You actually can get one online! I did it earlier this year, unless you already tried this and for some reason they don't allow it anymore.


To purchase your 2010 DC Fishing License on line, click the link below:

https://enode.dc.gov/epermit/Page/Entry/Login.aspx

Click "Create New Account"



Fill in the information to create your account. Your password will be
e-mailed to your inbox.

Once you are logged in, click "Create New Application"



Select "2010 DC Sportfishing License" at the top of the list.

Since you registered, your information will already be filled in. 



Add your Drivers License # and Date of Birth and follow the prompts.

Pay with your credit card, print out your license, GO FISH!!!


----------



## wdbrand (May 24, 2007)

*Thanks.*

The one in Woodbridge seems the closest. I called and couldn't half understand what she was saying, but think she said they sold them. Will check there first unless I find a bait/tackle shop closer that sells them.
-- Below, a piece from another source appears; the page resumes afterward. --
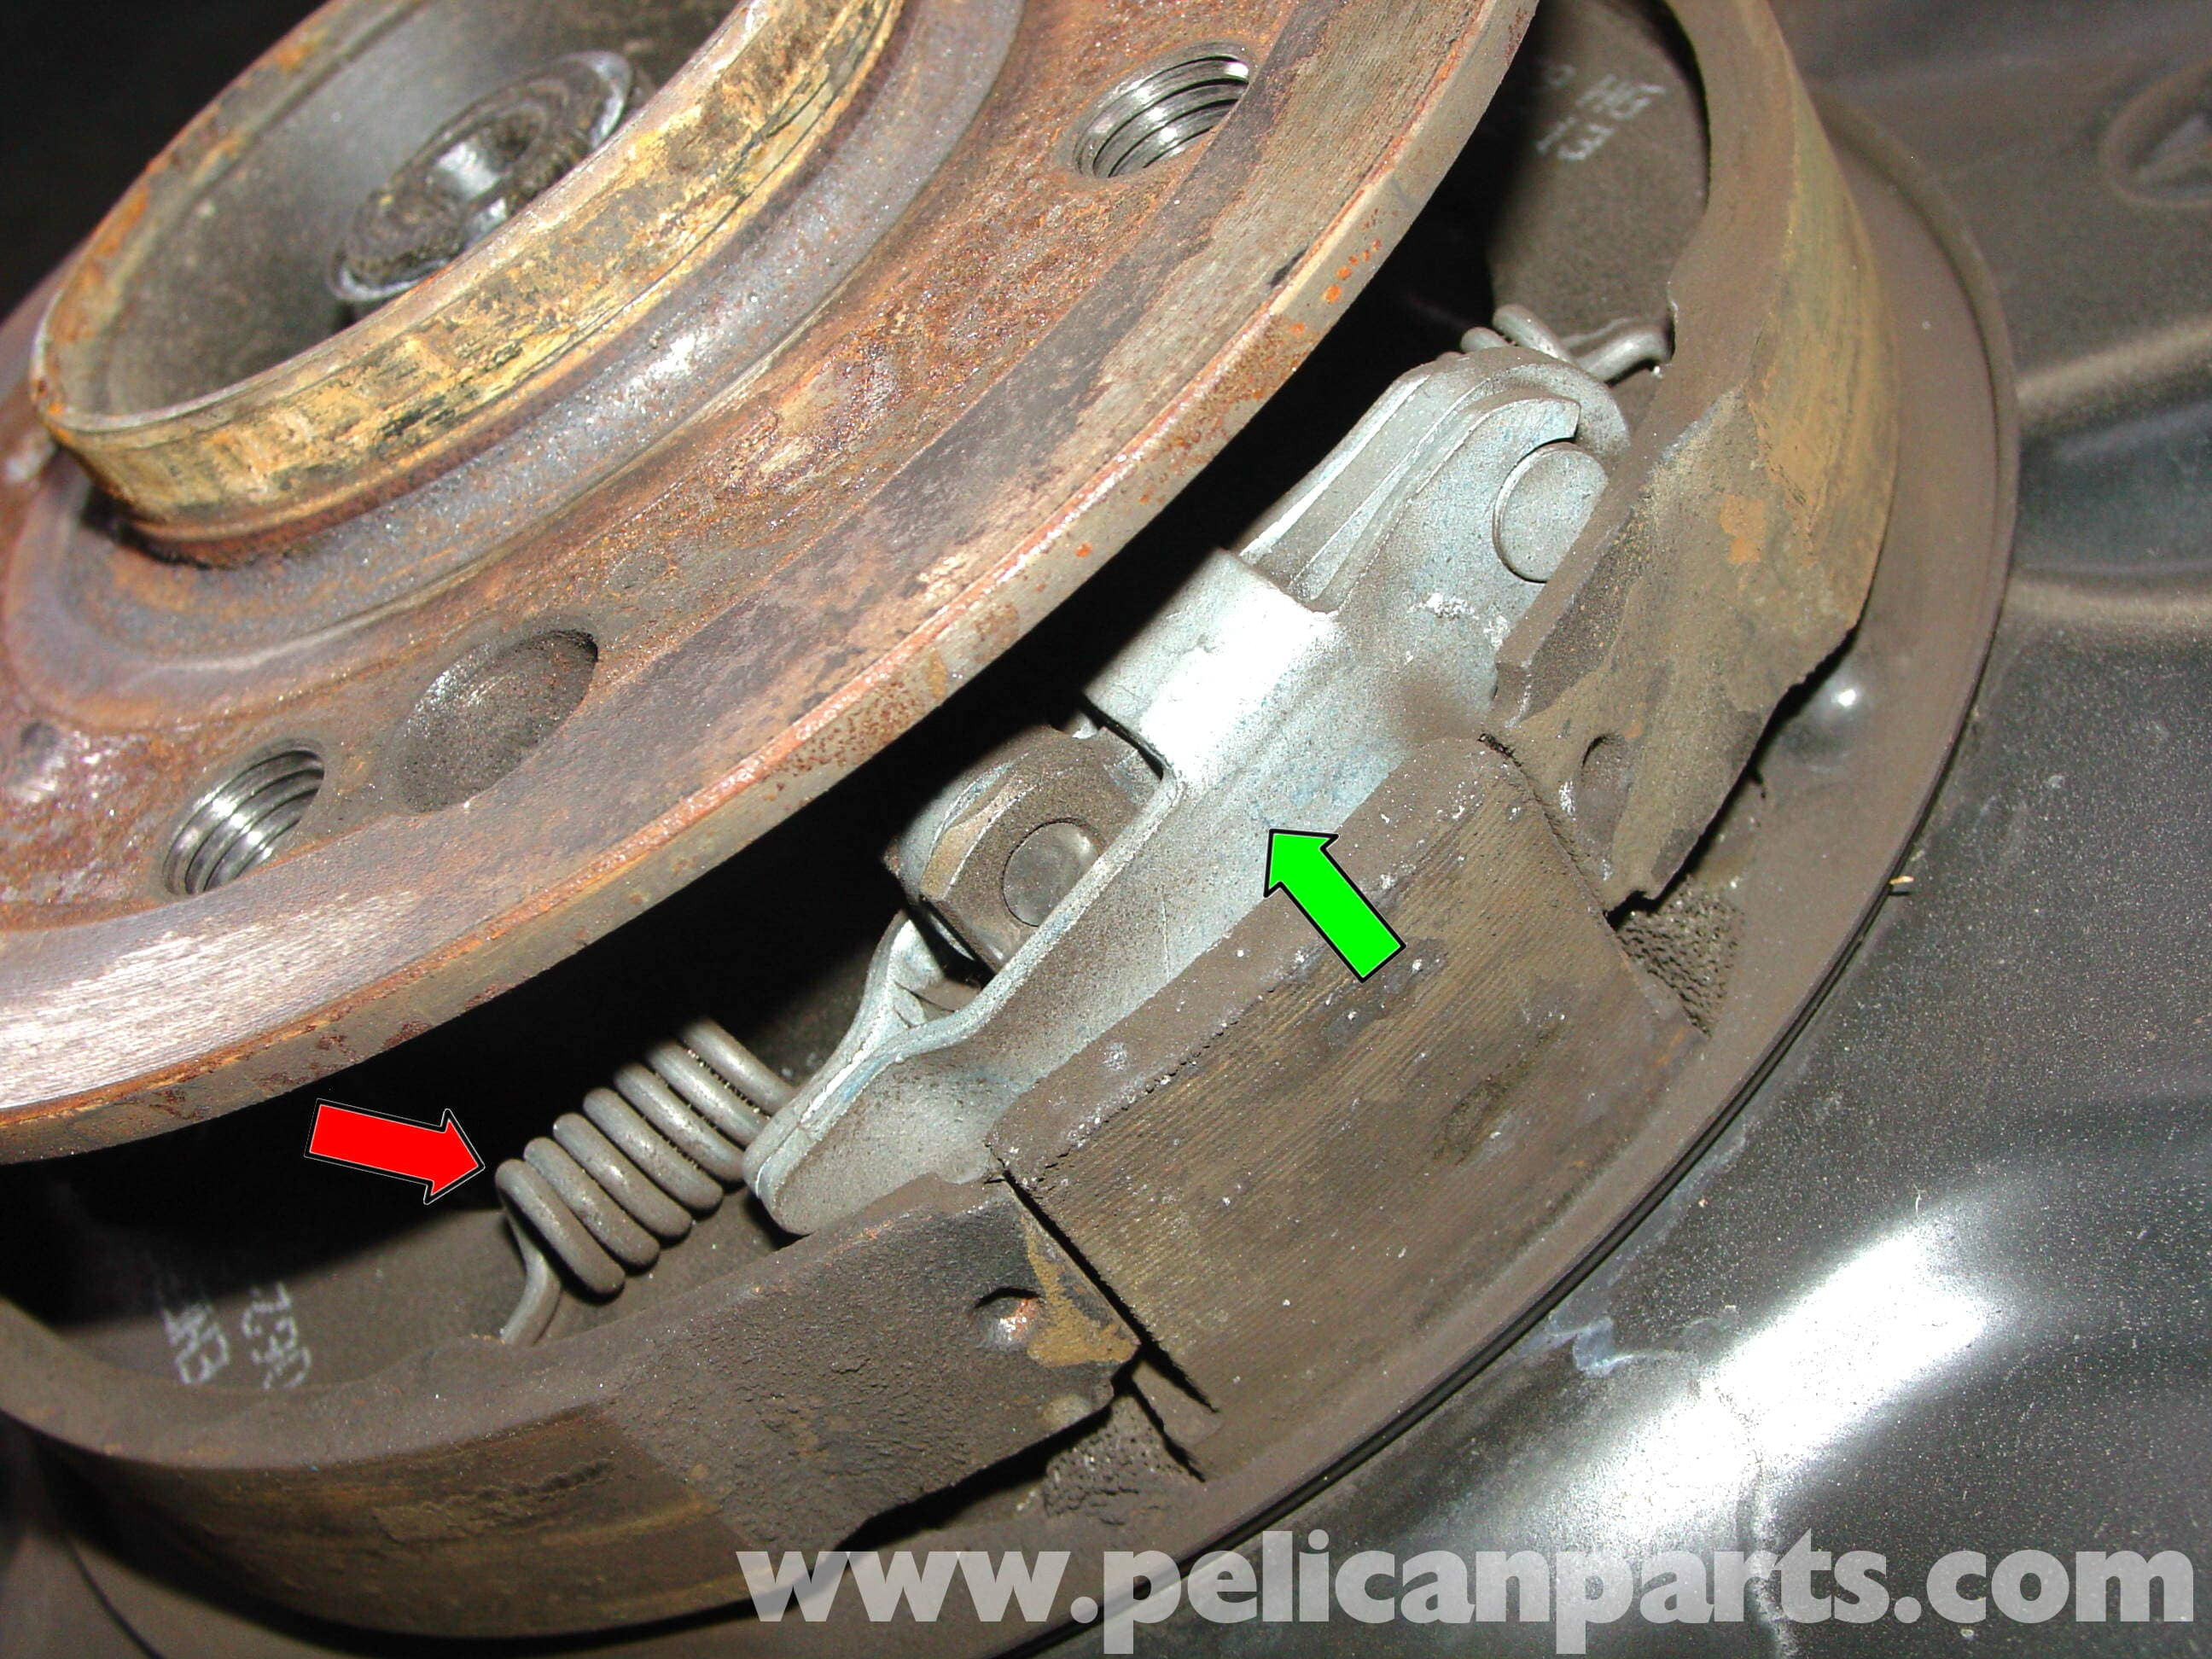 How to adjust handbrake on a 2004 mercedes benz clk class for Parking at mercedes benz superdome

That's from Leesylvania Marina.


----------



## CrappieKid (Jan 21, 2008)

wall mart does not sail dc ..wher r u fishing?u mite not need dc...


----------



## notso (Jul 18, 2005)

wdbrand said:


> I called and couldn't half understand what she was saying, QUOTE]
> 
> Does this supprise anyone that knows WD?....
> Just messin' with ya buddy.


----------



## wdbrand (May 24, 2007)

*Good one*

Charlie. I owe you one. And the truth do hurt. Again, had that one coming.


----------



## wdbrand (May 24, 2007)

*Ck,*

should be way south of where it's needed, but won't take a chance.


----------